Researchers have spent significant time and resources seeking to better understand how brain plaque—aided by the accumulation of beta-amyloid and tau proteins—contributes to Alzheimer’s disease and what role they play in disease progression.
Recent studies have found that beta-amyloid has antiviral and antimicrobial properties, suggesting a potential link between the immune response against infections and the development of Alzheimer’s disease.
Now researchers at Sloan Kettering Institute have uncovered clues to this potential link by identifying a protein called IFITM3. The protein which is involved in the immune response to pathogens has been discovered to play a key role in the accumulation of beta-amyloid in plaques.
Their findings, “The innate immunity protein IFITM3 modulates γ-secretase in Alzheimer’s disease,” is published in the journal Nature.
“Innate immunity is associated with Alzheimer’s disease, but the influence of immune activation on the production of amyloid-β is unknown. Here we identify interferon-induced transmembrane protein 3 (IFITM3) as a γ-secretase modulatory protein, and establish a mechanism by which inflammation affects the generation of amyloid-β,” the researchers wrote.
Yue-Ming Li, PhD, a chemical biologist at Sloan Kettering Institute explained: “We’ve known that the immune system plays a role in Alzheimer’s disease—for example, it helps to clean up beta-amyloid plaques in the brain. But this is the first direct evidence that immune response contributes to the production of beta-amyloid plaques—the defining feature of Alzheimer’s disease.”
IFITM3 is a protein that in humans is encoded by the IFITM3 gene. The researchers’ discovery shows that IFITM3 alters the activity of an enzyme called gamma-secretase, which chops up precursor proteins into the fragments of beta-amyloid that make up plaques.
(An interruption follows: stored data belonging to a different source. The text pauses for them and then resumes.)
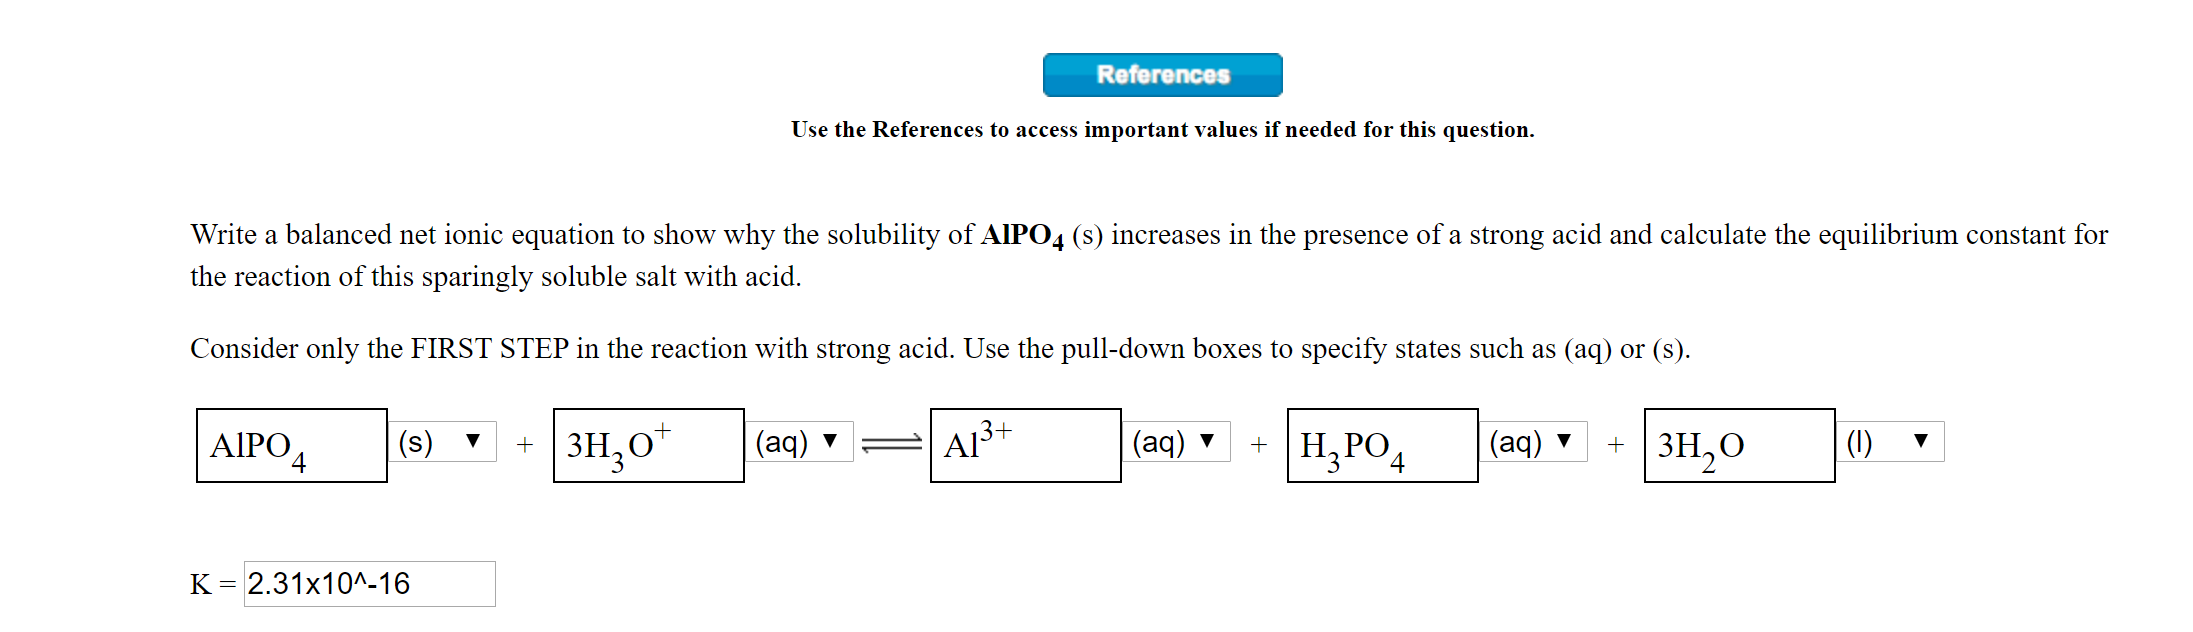 References
Use the References to access important values if needed for this question.
Write a balanced net ionic equation to show why the solubility of AIPO4 (s) increases in the presence of a strong acid and calculate the equilibrium constant for
the reaction of this sparingly soluble salt with acid.
Consider only the FIRST STEP in the reaction with strong acid. Use the pull-down boxes to specify states such as (aq) or (s).
AIPO4
+ | 3H,0"
A13+
|(aq)
+ | зн,0
(s)
(aq)
+ | Н, РО,
(aq) v
(1)
4
к - 2.31х10^-16

The researchers observed that removing IFITM3 decreased the activity of the gamma-secretase enzyme and, in turn, reduced the number of amyloid plaques that formed in a mouse model of the disease.
IFITM3 was also found to be increased in a subset of late onset Alzheimer’s patients, meaning that IFITM3 could potentially be used as a biomarker to identify a subset of patients who might benefit from therapies targeted against IFITM3.
Moving forward, the researchers plan to investigate how IFITM3 interacts with gamma-secretase at the molecular and atomic levels and how it is involved in neuroinflammation in animal models. They will also explore IFITM3 as a biomarker for the disease.